Mumtaz took her phone out of her handbag. ‘We have to get you to hospital,’ she said. She wondered why Nasreen’s feet were so swollen and infected, but she also knew that she didn’t have time to ask. Whatever had gone on, she had to get the young woman medical attention as soon as she could. She dialled 999 and asked for an ambulance. Once she’d given all the details she could to the operator, she turned back to Nasreen and tried to make her as comfortable as she could. She didn’t want to risk moving her, so she just draped a blanket around her shoulders and propped her head up against a pile of filthy pillows.

‘The ambulance’ll be here soon,’ she said. ‘Then we’ll get you
and the baby to hospital.’

‘The baby’s dead,’ Nasreen said. ‘It hasn’t moved for days.’

Mumtaz stroked her forehead and watched as the young woman sighed with something akin to relief underneath what she imagined had to be an unusually affectionate touch. ‘You don’t know that, Nasreen,’ she said. ‘Sometimes babies don’t move very much during the last few days in the womb.’

As soon as she’d said it Mumtaz felt stupid.
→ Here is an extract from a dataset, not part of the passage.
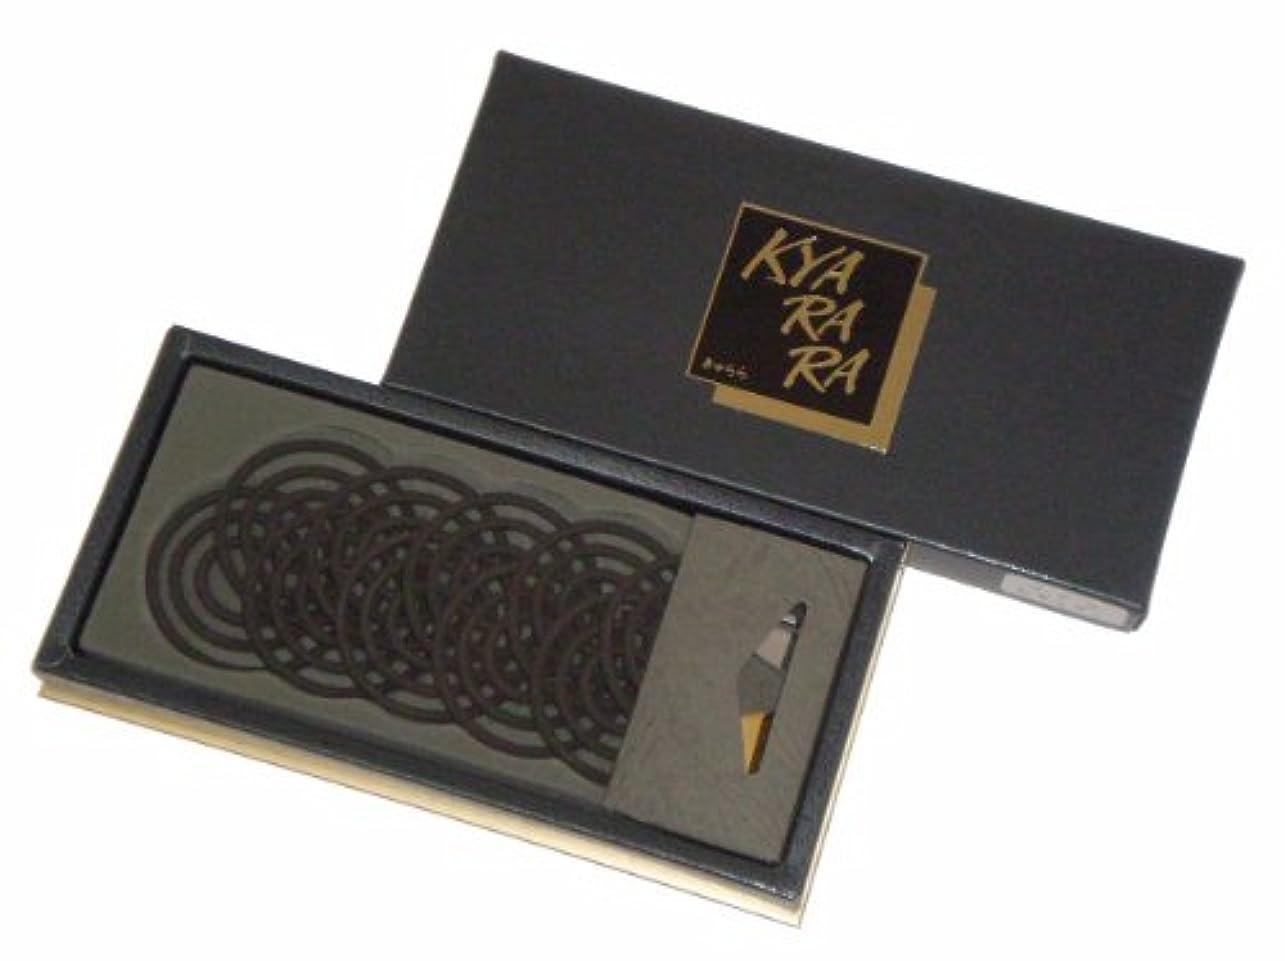 青写真前任者タイル玉初堂のお香 キャララ コイルレギュラーセット #5234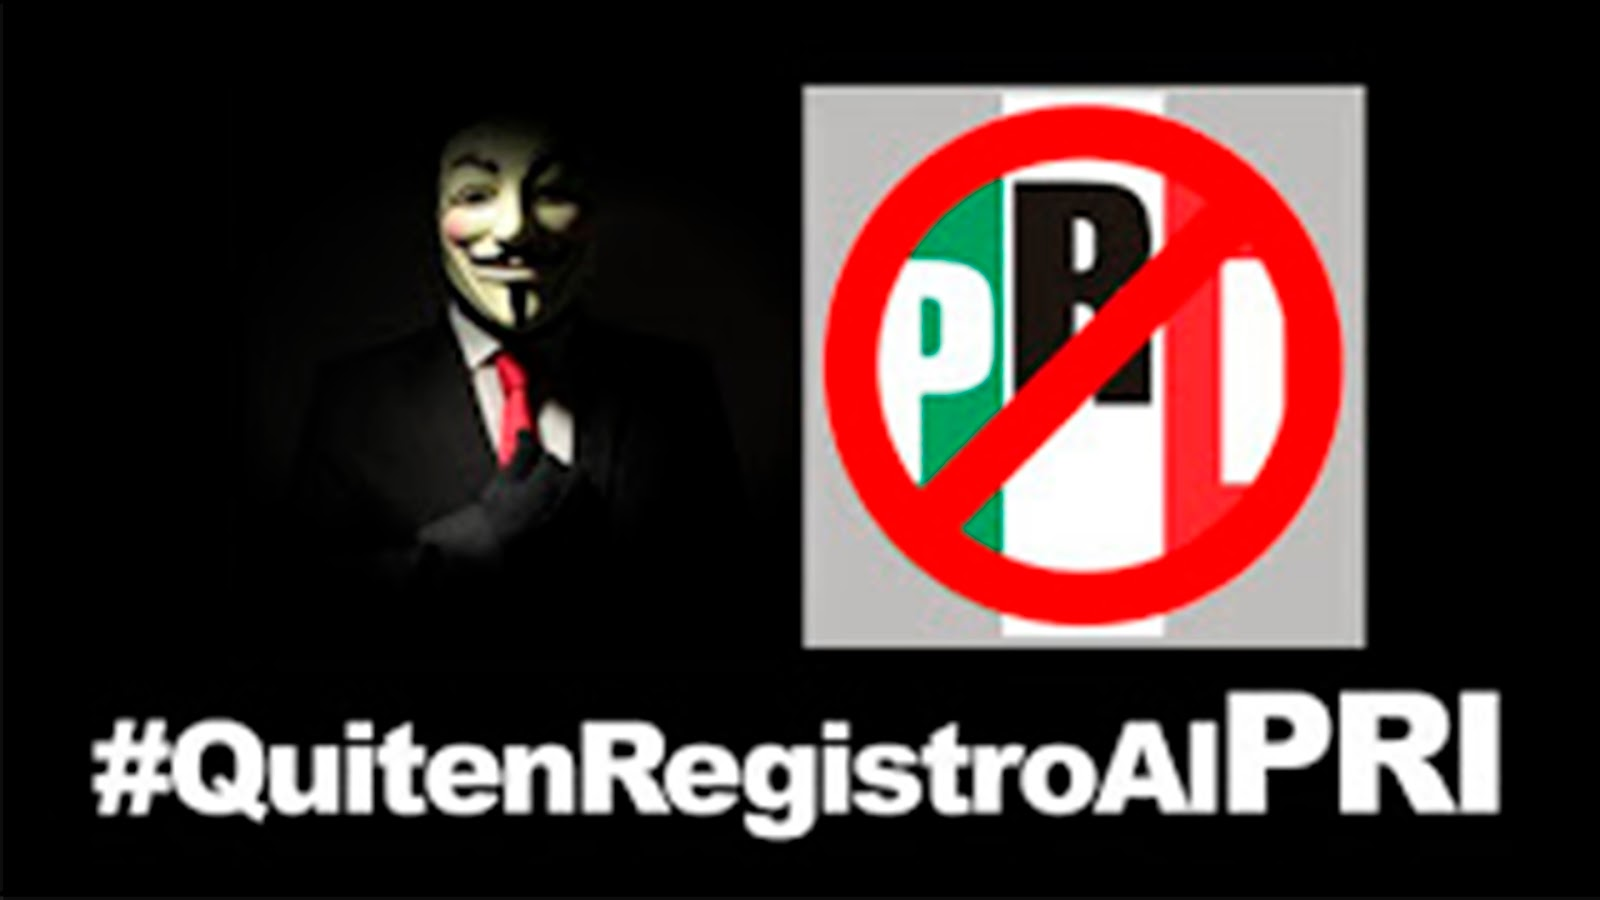 Lanzan petición para quitarle el registro al PRI: ¿Estas de acuerdo? Firma la petición.

What did she know? She’d never had a baby.

‘Mumtaz, I think that Abdullah has killed someone,’ Nasreen said.

One thing that Mumtaz did know was true was that pregnant women often suffered from high blood pressure. She smoothed Nasreen’s filthy hair back, away from her face, and said, ‘Don’t worry about that now. Just keep calm, Nasreen. We’ll talk about all of this later.’

‘He killed John Sawyer, I’m sure of it,’ she said. ‘He’s jealous of everybody. John used to come to our garden sometimes. I used to leave food out for him. Abdullah must have seen me talking to him. If he even found you here …’ Her chest began to pump in panic. ‘Oh God, he’s coming back,’ she said. ‘I asked him to get antibiotics for me and then he was coming back.’

‘When?’

‘I don’t know,’ she said.

Mumtaz looked at her watch. ‘When did Abdullah go out?’

‘I don’t know. Some time ago.’ Her head lolled back onto the pillows again.

Mumtaz rubbed one of her hands, which was hot and clammy. Nasreen would be lucky to get away with her own life given the extent of the infection in her feet. ‘Ambulance’ll be here soon.’

‘Good.’ She panted and Mumtaz took a handkerchief out of her pocket and wiped some of the dirt away from Nasreen’s mouth and eyes.

‘There.’

‘Thank you,’ Nasreen said. ‘You know, he tipped a hot pan of curry over my legs.’

Mumtaz shook her head. ‘Why?’ Although as soon as she’d said it, she wondered why she’d asked – Abdullah was a man. Ahmet had once knocked her unconscious just for changing the channel on the TV without his permission.

‘Because I displeased him,’ Nasreen said. ‘Because I hoped and prayed that he was better than that. But he wasn’t.’

‘Don’t think about that now,’ Mumtaz said, stroking Nasreen’s forehead once again. ‘Don’t think about him now.’ She leaned forward and kissed her on the head and then she smiled.

‘Who are you? Get away from my wife!’

Neither of them had heard Abdullah come into the house and tiptoe up the stairs. Now he stood in the bedroom doorway, his face red with fury.